Online food ordering and home delivery is all about scale. Don’t be surprised if Australia eventually has one or two large food-delivery providers that dominate this market in an almost utility-like fashion. As an aside, takeaway stores that love Uber and Menulog today might love them less in coming years if they use their market power to lift their fees.
I suspect there is a segment of consumers (younger males) who find food on Uber and Menulog too costly to eat regularly (after delivery fees and minimum order requirement, on some platforms). The big fast-food operators have a scale and pricing advantage to attract this market.
The second driver for Collins Food is store growth. It expects to build, own and operate another 40-45 KFC stores in Australia over the next five years and acquire others. In Europe, Collins expects to roll out 8-10 stores annually in what is an undersaturated market for KFC.
I am less convinced about the company’s Taco Bell strategy. Others have tried to develop that brand in Australia and failed.
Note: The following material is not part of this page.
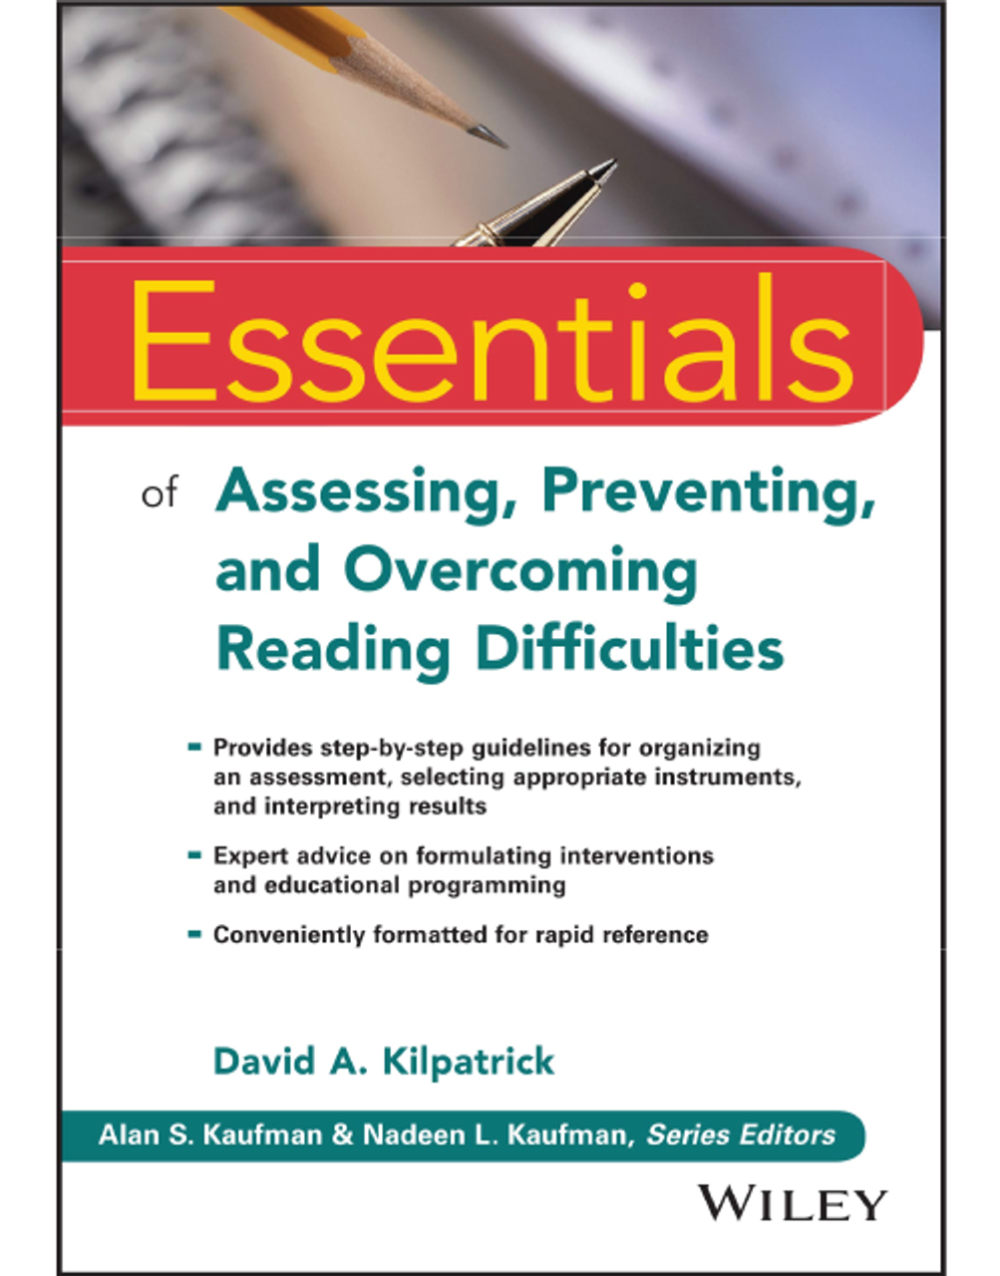 Essentials of Assessing, Preventing

Interest in Tex-Mex food is rising and perhaps the time is right to build a big chain of Taco Bell stores here and diversify Collins’ product offering.
The key issue with Collins is valuation. The stock rallied from $5.20 in August to $7.20 after better-than-expected earnings, before easing to $6.60 amid the sharemarket sell-off. It shares rose above $7 this week after a strong half-year result.
At the current price, Collins is on a trailing Price Earnings (PE) multiple of 17 times and yielding 3.1 per cent, fully franked. An average share-price target of $6.76, based on the consensus of four broking firms (a small sample) suggests the stock is fully valued.
That looks about right, although I suspect analysts will be upgrading earnings forecasts for Collins. The market is pricing a lot of growth into the well-run company, which deserves to trade at a premium given its performance and prospects. Collins has a powerhouse brand in KFC and plenty of growth potential from home deliveries, store rollouts and European expansion.
Collins would look more interesting closer to $6.50 and deserves a spot on the portfolio watchlists of experienced investors who understand the risks of investing in small-cap companies.
Patient investors should watch and wait for better value in Collins, one of the market’s higher-quality small-cap companies with genuine global growth potential.
• Tony Featherstone is a former managing editor of BRW, Shares and Personal Investor magazines. The information in this article should not be considered personal advice. It has been prepared without considering your objectives, financial situation or needs. Before acting on information in this article consider its appropriateness and accuracy, regarding your objectives, financial situation and needs. Do further research of your own and/or seek personal financial advice from a licensed adviser before making any financial or investment decisions based on this article. All prices and analysis at November 27, 2018.